● Problem to solve
Pictures must not appear in the copy. Restate exactly the lines below from the one with "Egypt, Suez Canal." through the one with "Tamiya - Avante", inclusive.

● Available data
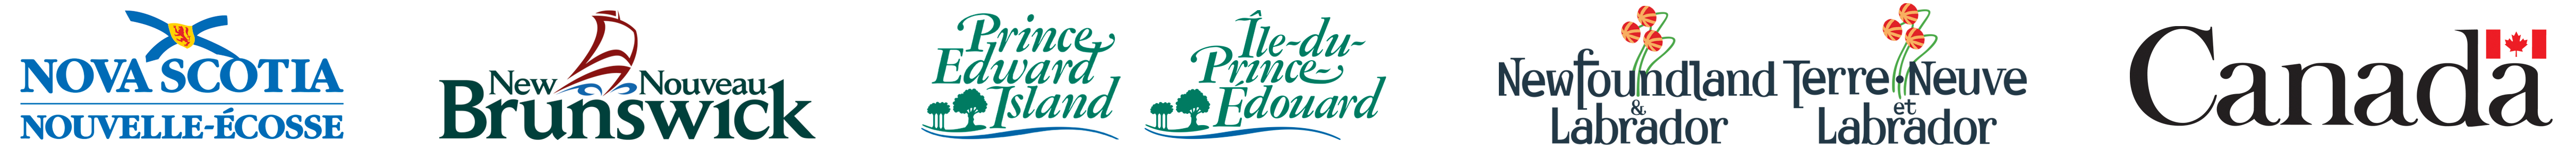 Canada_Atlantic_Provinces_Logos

==

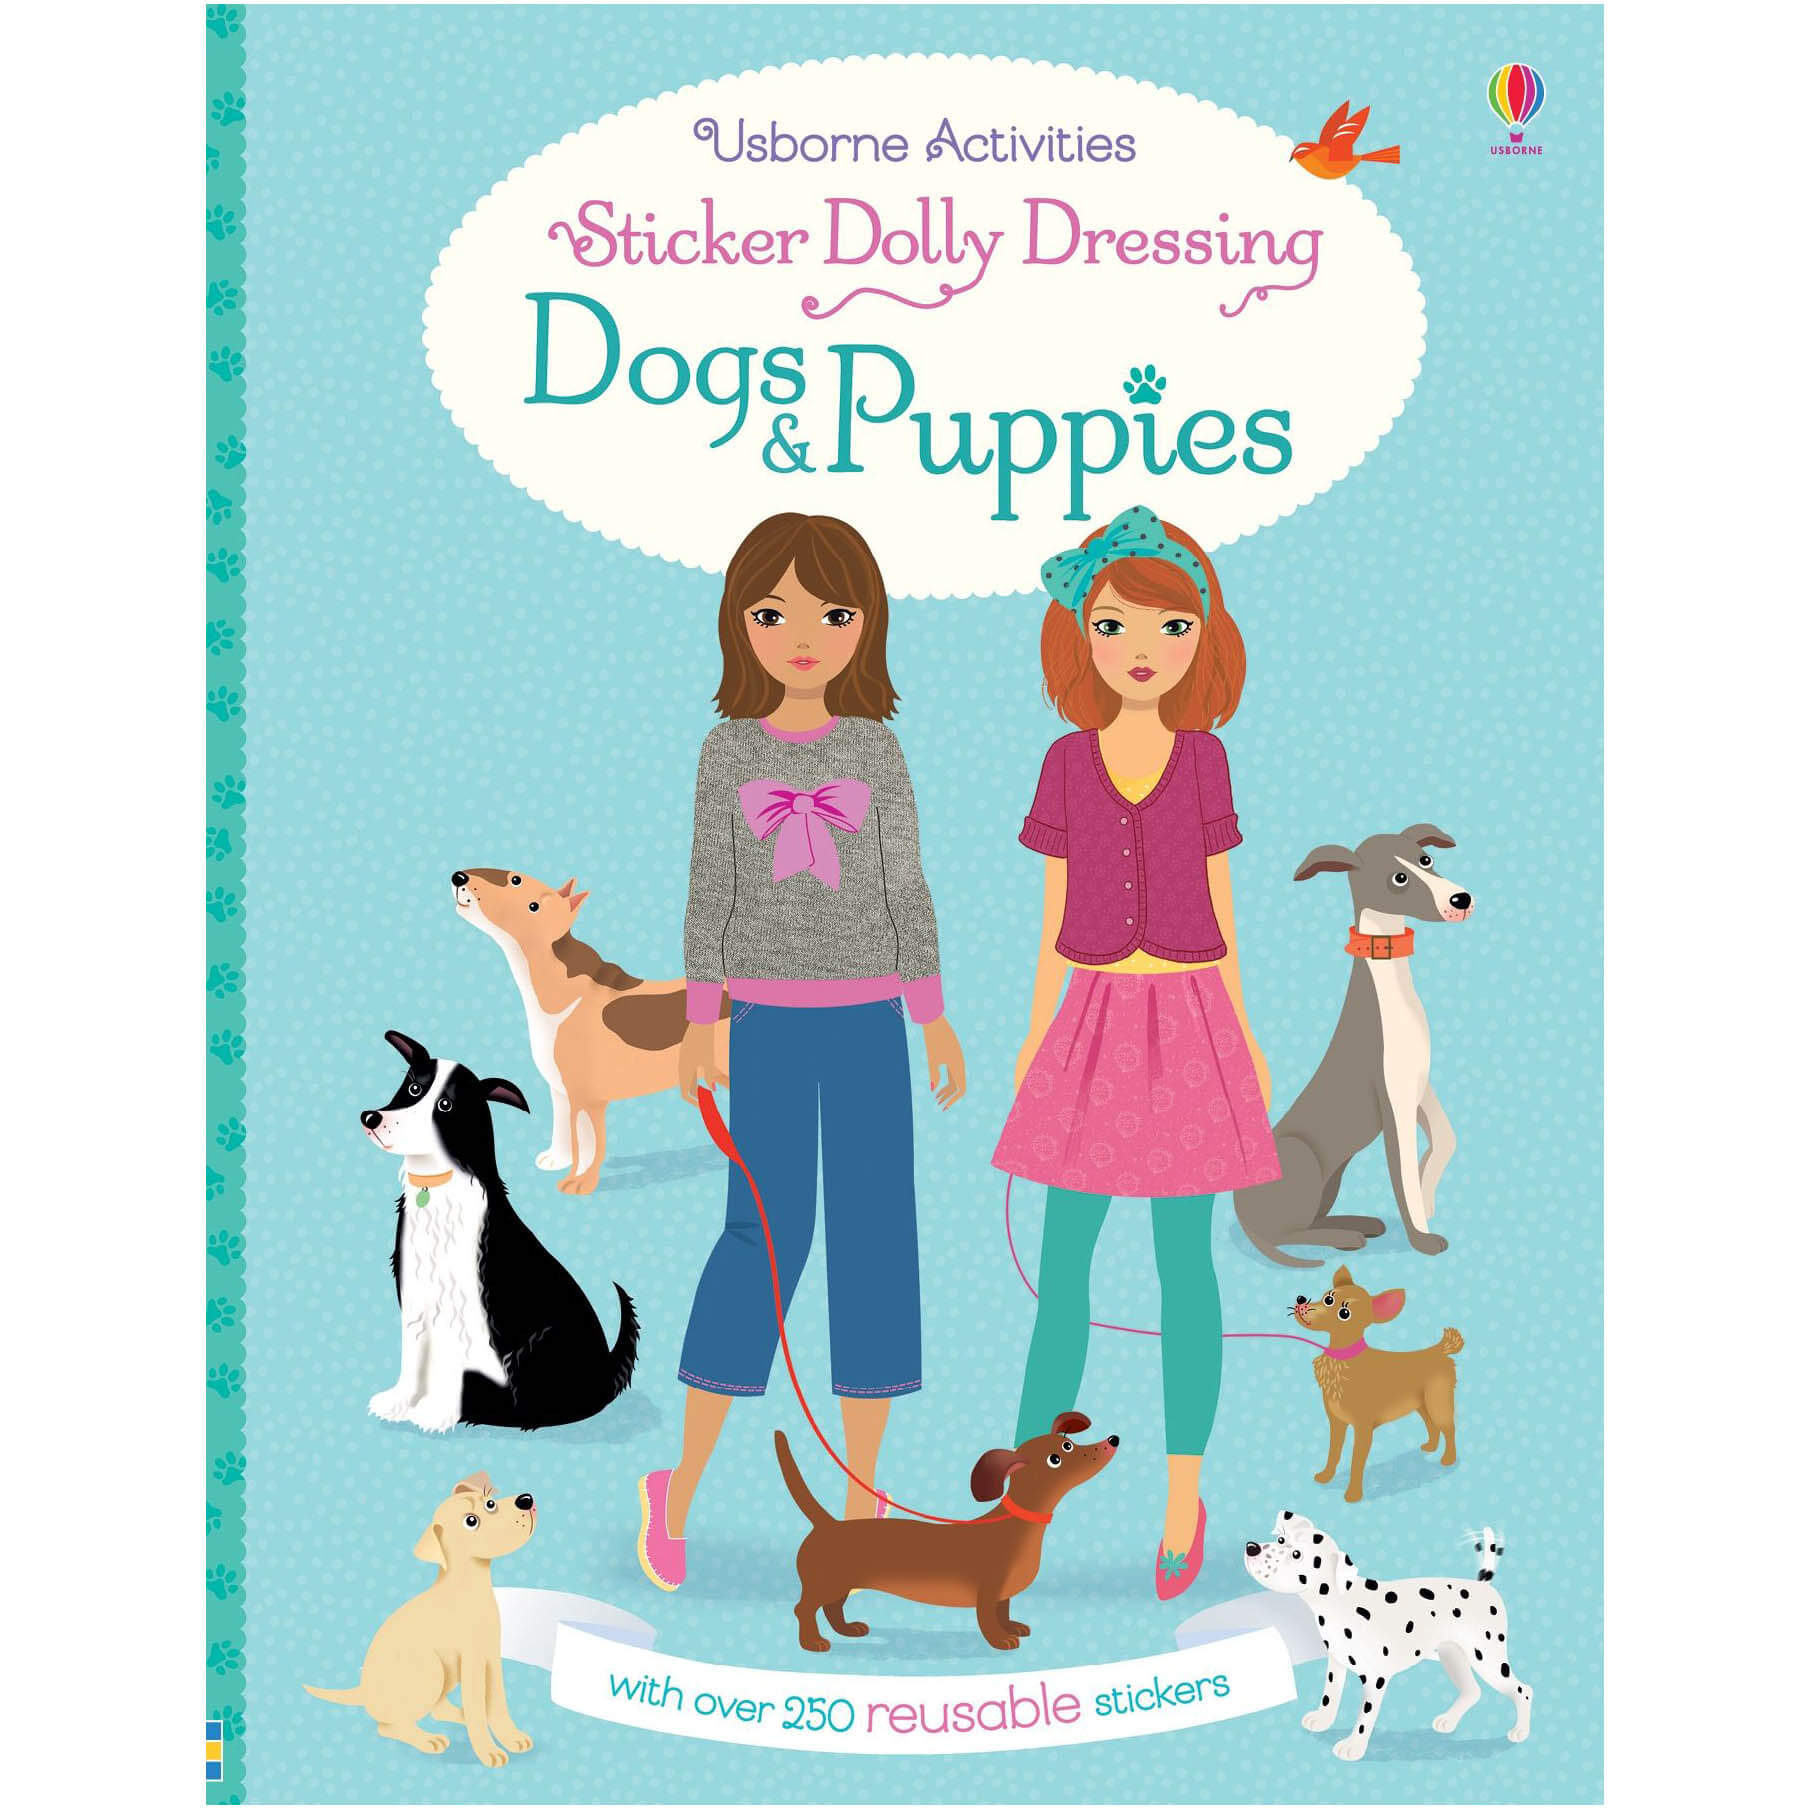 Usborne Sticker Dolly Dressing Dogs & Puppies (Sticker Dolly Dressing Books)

--

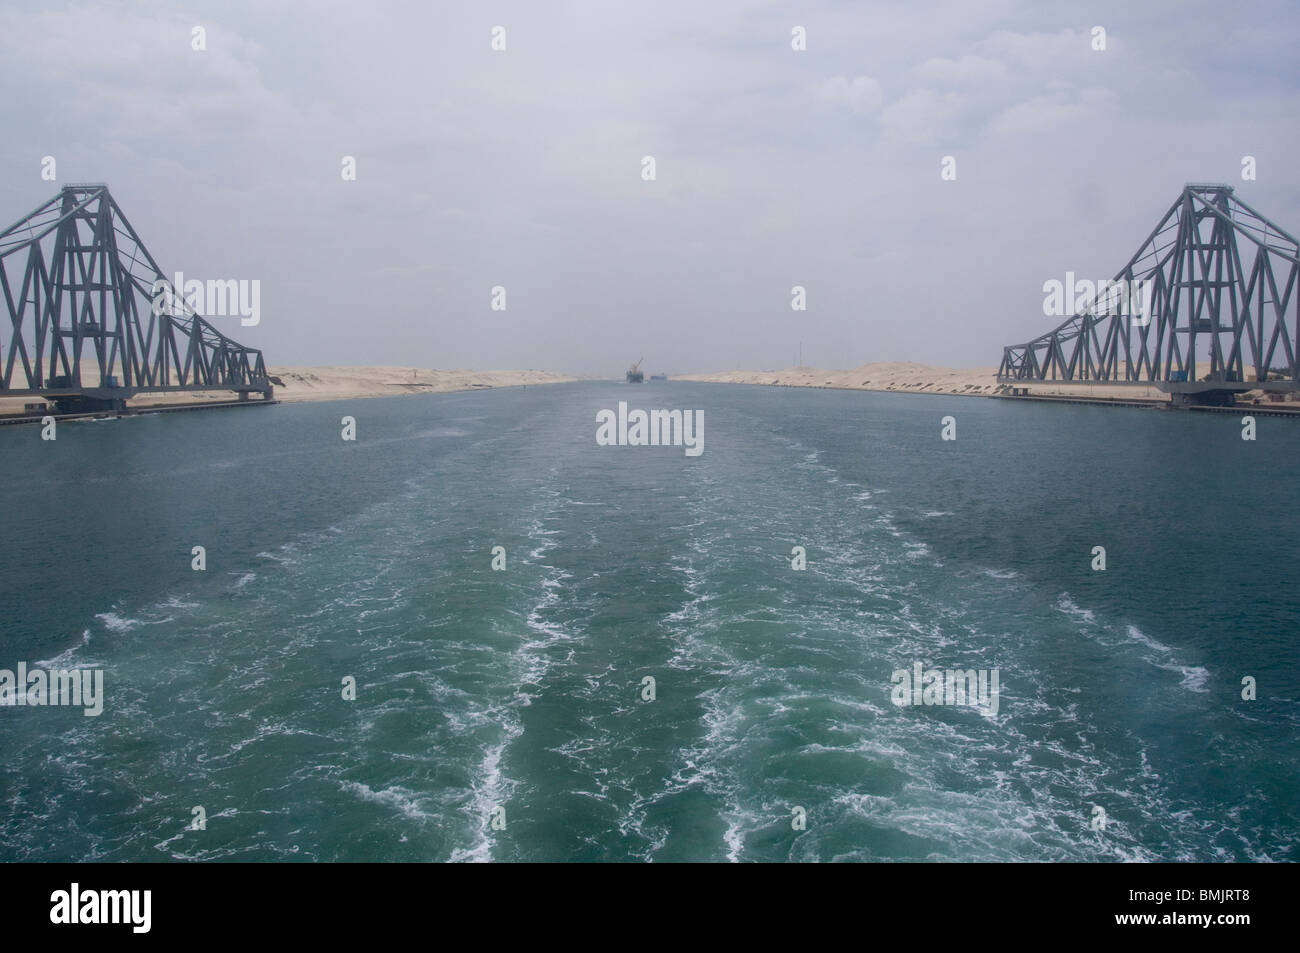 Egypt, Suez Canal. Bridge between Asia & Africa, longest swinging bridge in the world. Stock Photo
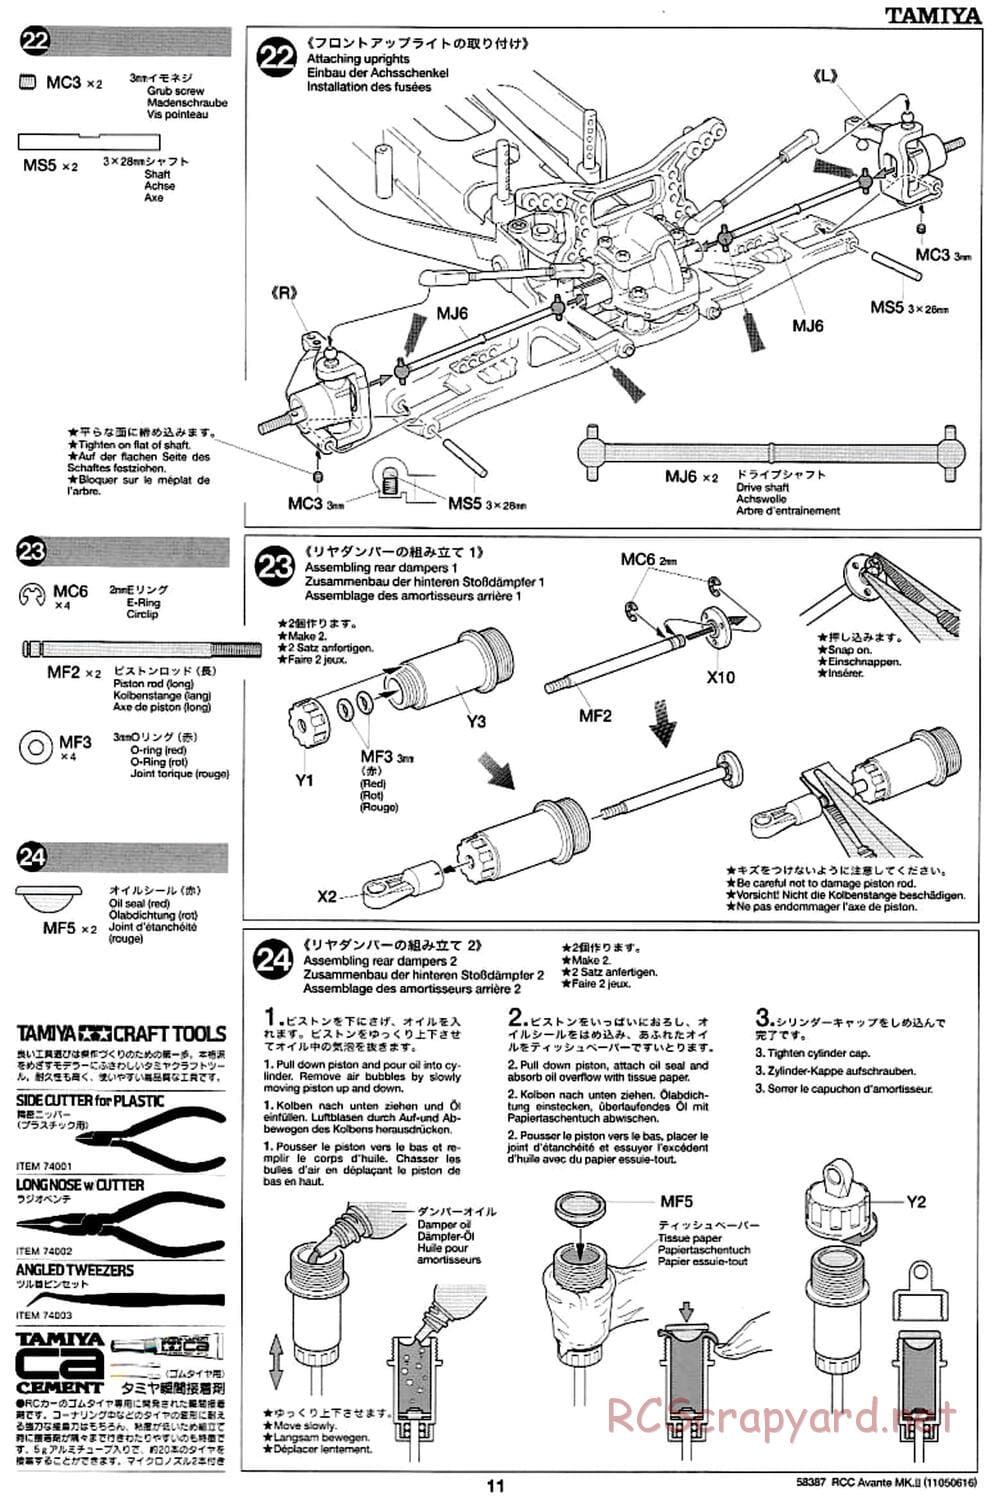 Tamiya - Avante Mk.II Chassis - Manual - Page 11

● Solution to this task
 Egypt, Suez Canal. Bridge between Asia & Africa, longest swinging bridge in the world. Stock Photo
 Tamiya - Avante Mk.II Chassis - Manual - Page 11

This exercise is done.